Ivan Plis.nationalinterest.org; [5/21/2017] see also.
Image from article, with caption: Toby Keith performs for service members at the Camp Liberty Post Exchange Stage.
This is a side of America that foreign audiences don’t usually get to see.
During the Cold War, the U.S. government sent “jazz ambassadors” around the world to burnish America’s reputation with foreign audiences. Hillary Clinton’s tenure at the State Department implemented “hip hop diplomacy” programs in the Arab world. Now, in the age of Donald Trump, the American likeliest to heal strained ties with the Kingdom of Saudi Arabia is—apparently—pop-country star Toby Keith.
The news that Keith would appear in Riyadh Saturday, alongside Saudi singer and oud player Rabeh Saqer, drew plenty of jokes online. Many pointed out that Keith’s repertoire included songs with names like “Beer for My Horses” and “I Love This Bar,” and remarked that tickets would only be made available for male attendees. But more to the point, doesn’t Keith, with his proud red-state persona, seem a strange pick for a crowd of Saudis?
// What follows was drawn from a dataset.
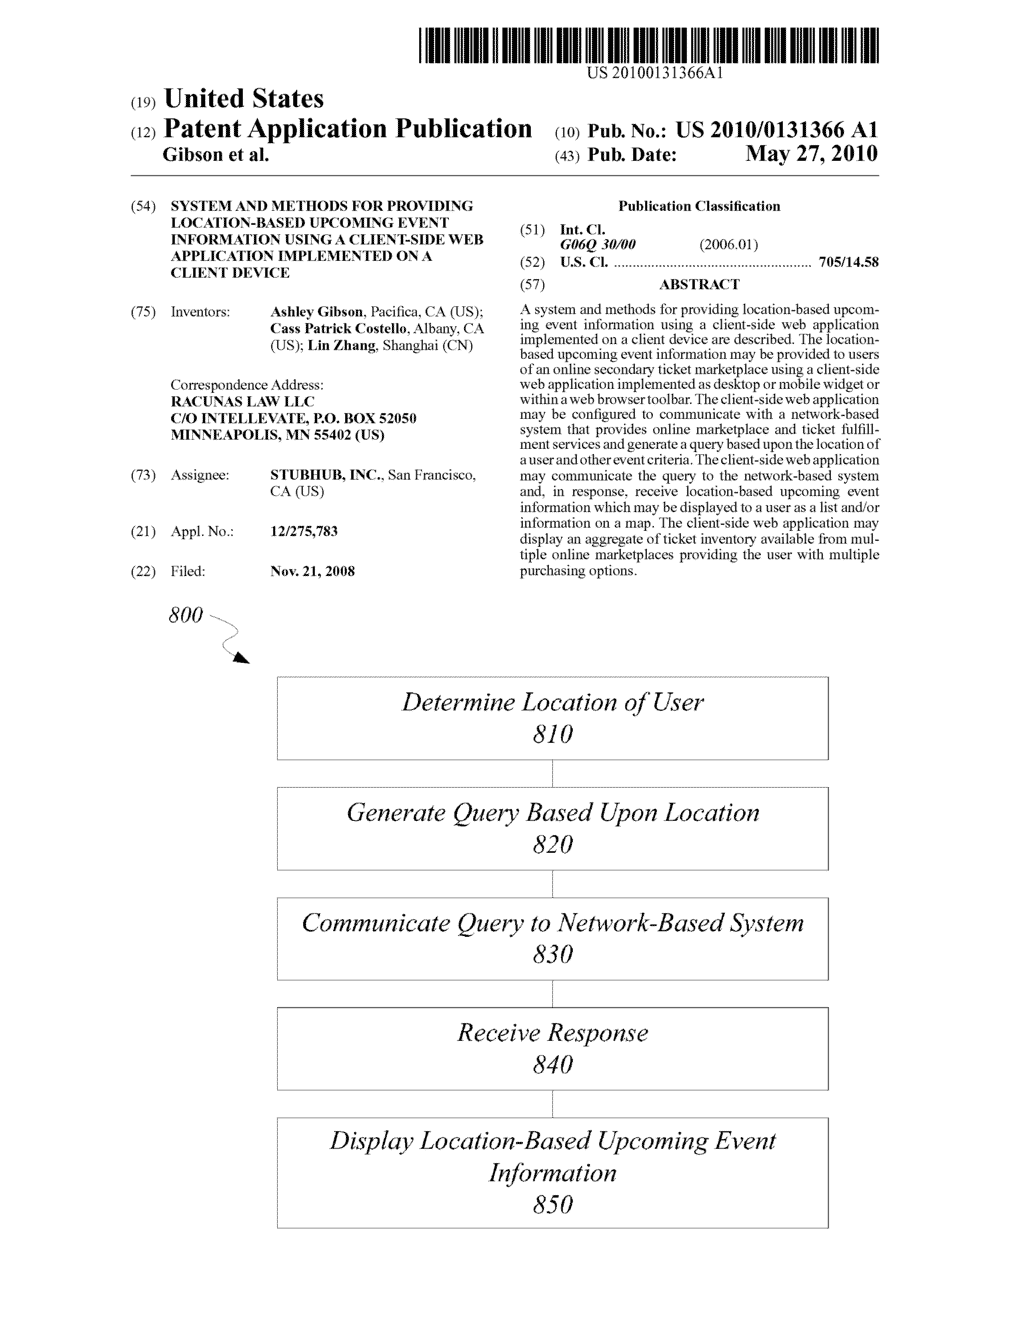 SYSTEM AND METHODS FOR PROVIDING LOCATION-BASED UPCOMING EVENT INFORMATION USING A CLIENT-SIDE WEB APPLICATION IMPLEMENTED ON A CLIENT DEVICE - diagram, schematic, and image 01

For the record, Keith’s appearance doesn’t seem to have been planned by the U.S. embassy in Riyadh; an events company called Lammt is advertising it in coordination with the entertainment broadcaster MBC. It’s hard not to imagine that it’s deliberately timed to Trump’s visit to Saudi Arabia, whose government is going over the top to honor the president with a flurry of activity. After his tough words about Islam during the 2016 election, the Custodian of the Two Holy Mosques seems eager to reassure him that the two countries’ strategic partnership remains sound, and that there are no hard feelings about his claim that “I think Islam hates us.”
Trump and Keith are a natural fit, to the extent that Keith performed at the inauguration concert in January despite not having supported Trump’s candidacy. “Courtesy of the Red, White and Blue (The Angry American),” released in the wake of the 9/11 attacks, infamously warned Al Qaeda that “you’ll be sorry that you messed with / The U.S. of A / ’Cause we’ll put a boot in your ass / It’s the American way.” Country music, especially Keith’s radio-friendly contemporary kind, has become inextricably linked to the sort of people who are stereotypically associated with Trump’s unlikely success: rural, working-class Americans who may lack exposure to cultures from beyond the United States—and who, in today’s political climate, aren’t always friendly to Arabs or Muslims.
The uncompromising, sometimes-abrasive masculinity that both men embody is an aspect of American culture that the State Department isn’t always eager to showcase abroad. Public-affairs officers in embassies worldwide perhaps recognize the ugly reputation that the United States has in certain places, and so rush to compensate by instead highlighting America’s contributions to ballet, painting and, yes, jazz.
But besides our swaggering president and his salt-of-the-earth supporters, Toby Keith is also reminiscent of something else: the proud, nostalgic, masculine Arab culture of the Gulf. Both the American heartland and the Gulf states are places that revere the wild and past, when life was simpler and purer—whether cowboys on the sweeping prairies or bedouins who, in some cases, only settled down a few decades ago. God, the land, the military and traditional family values are inescapable in both. Even Toby Keith’s stars-and-stripes guitar is a direct descendent of the Arab oud that he’ll be sharing a stage with on Saturday. And both cultures feel pulled between the idealized, noble past and the comforts of the present—a tension that’s audible in Keith’s pop-country as well as his Saudi counterpart’s synth-heavy Arab dance music.
If this is how Saudi Arabia pulls out the stops for Trump’s visit, why not? Toby Keith’s Oklahoma, some specifics aside, has an awful lot in common with Saudi Arabia’s Najdi heartland—and certainly can speak more to a conservative audience in Riyadh than a ballet dancer from New York City. If Keith plays his cards right, this could be a public-diplomacy opportunity that the State Department gets for free.
Ivan Plis is senior editor at the National Interest. Follow him on Twitter: @ivanplis.
1 comment:
I don't think the writer has the slightest idea what he is talking about. I like the use of country music as cultural diplomacy, but don't consider this kind of semi-star power performance to be good PD. Having a star like Keith means he is relatively far from the ground. Moreover, this isn't exactly a cultural diplomacy program--it is not organized by they Embassy but rather an entertainment company. It is only being lumped in because Trump is in town, but in reality it is simply entertainment with a smidgen of cultural exchange/diplomacy.
I am not especially impressed.
Fwiw, the cultural ambassadoresses Della Mae did some wonderful cultural diplomacy programming for women and girls in Saudi Arabia, and that was much more related to cultural diplomacy than Keith's program.